*Action item*. The reply to the records below should contain exactly the lines from the line with "Heliodor Golden Beryl" through the line with "Villa Bordeaux - Your", and nothing besides.

*Input data*.
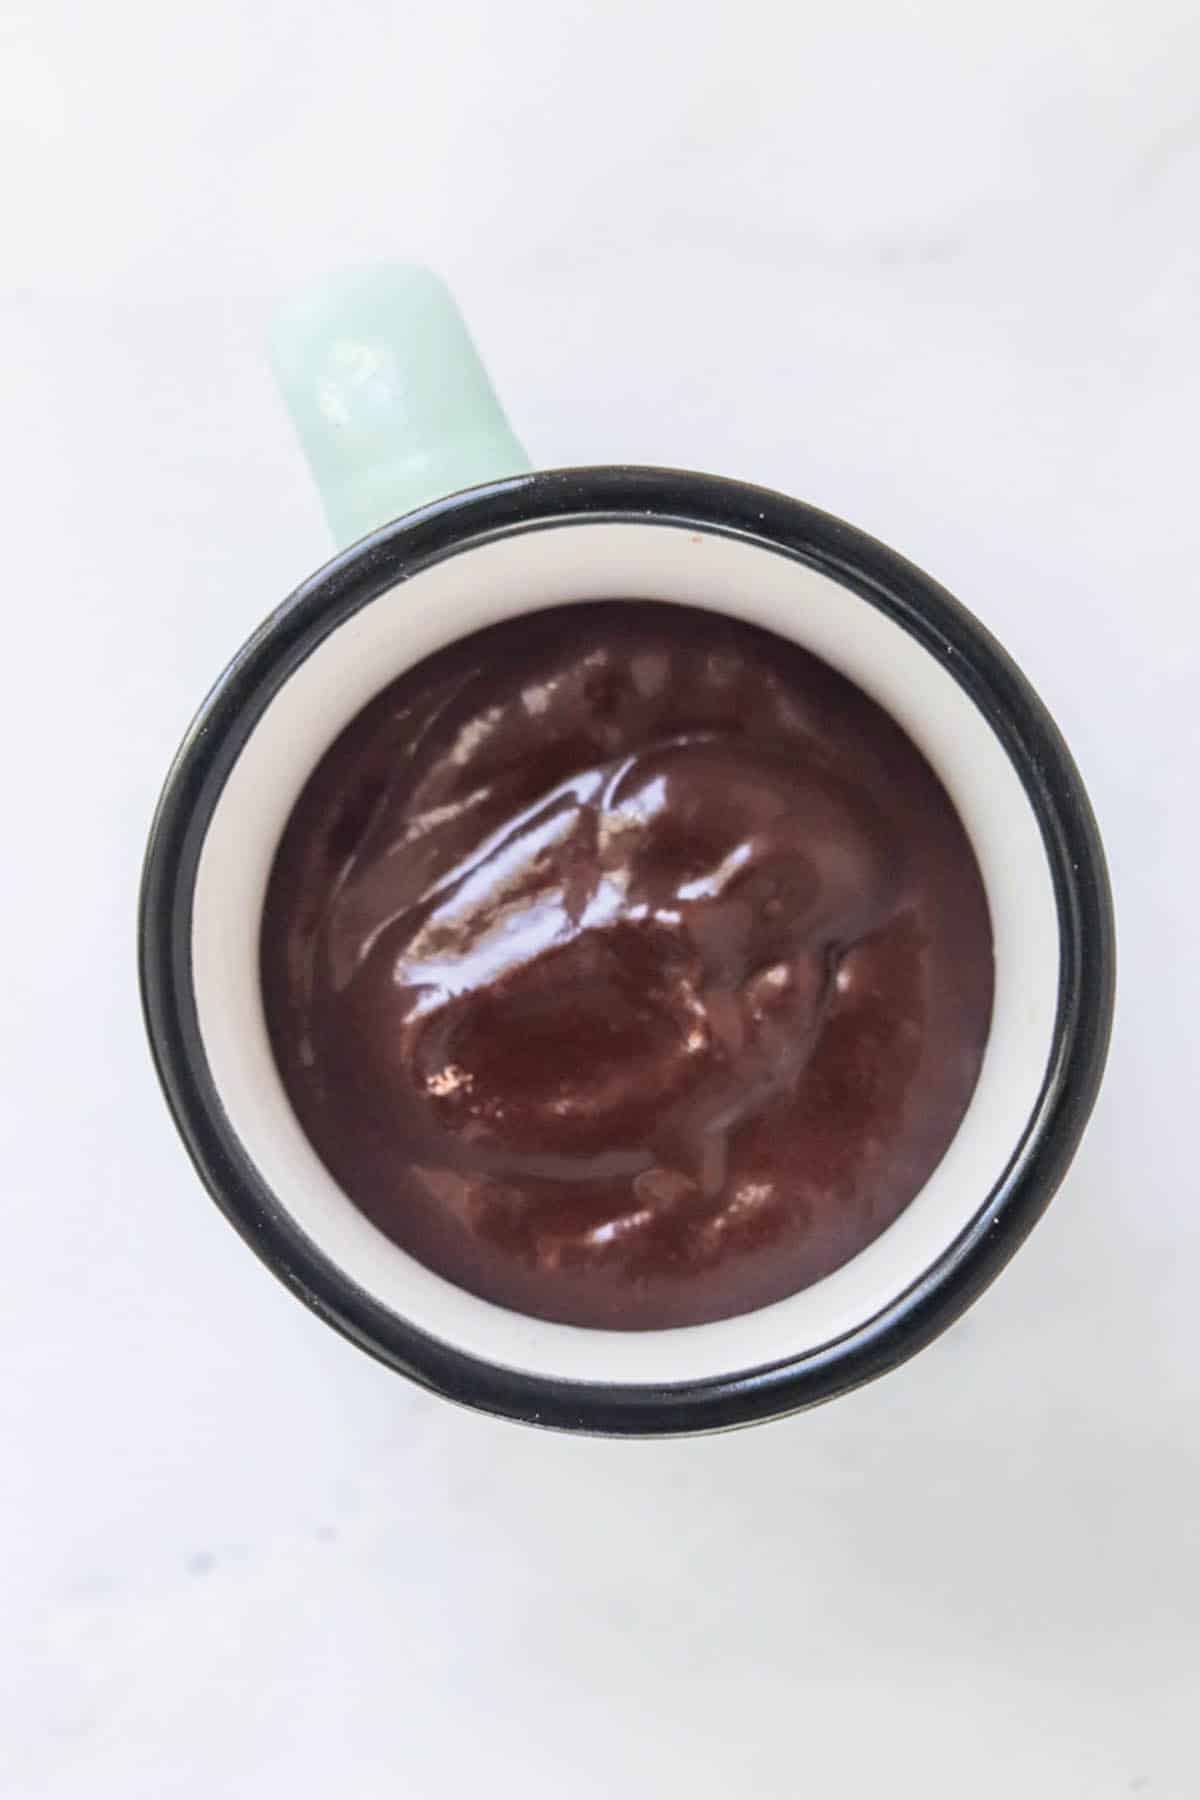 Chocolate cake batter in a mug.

--

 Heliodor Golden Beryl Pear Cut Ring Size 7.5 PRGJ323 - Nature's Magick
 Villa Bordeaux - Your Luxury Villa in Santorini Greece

--

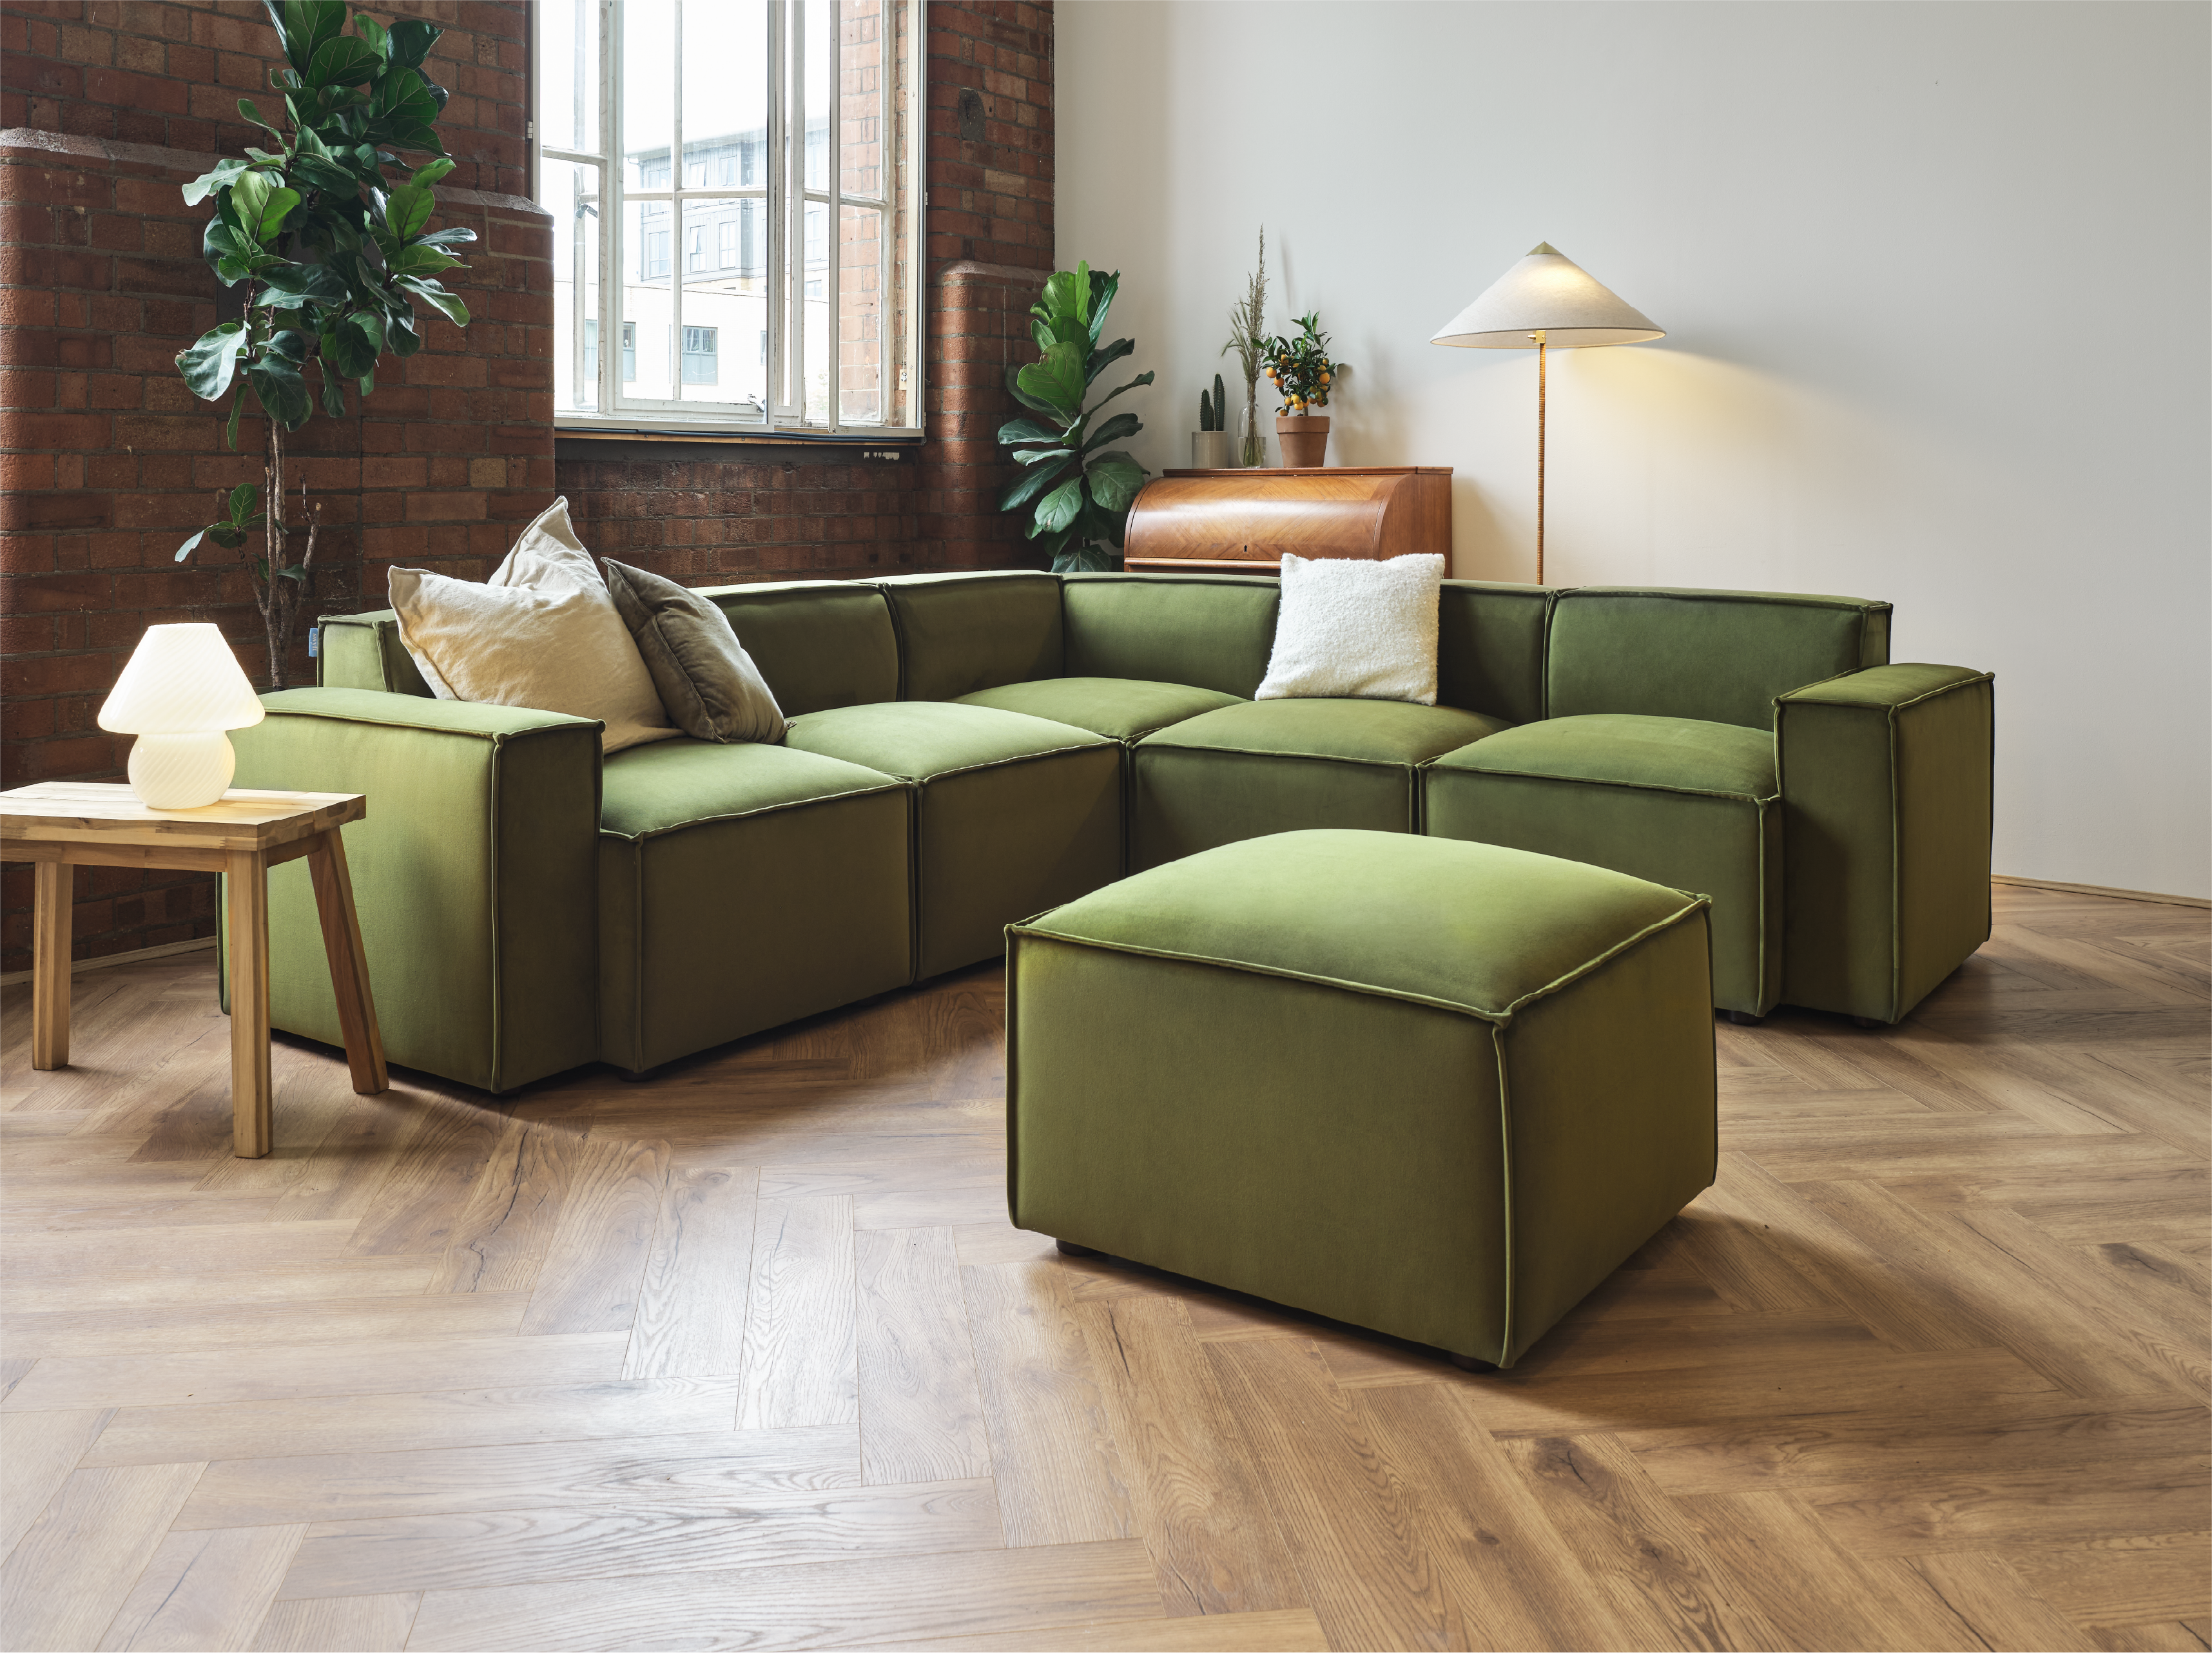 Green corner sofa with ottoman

*Your solution*.
 Heliodor Golden Beryl Pear Cut Ring Size 7.5 PRGJ323 - Nature's Magick
 Villa Bordeaux - Your Luxury Villa in Santorini Greece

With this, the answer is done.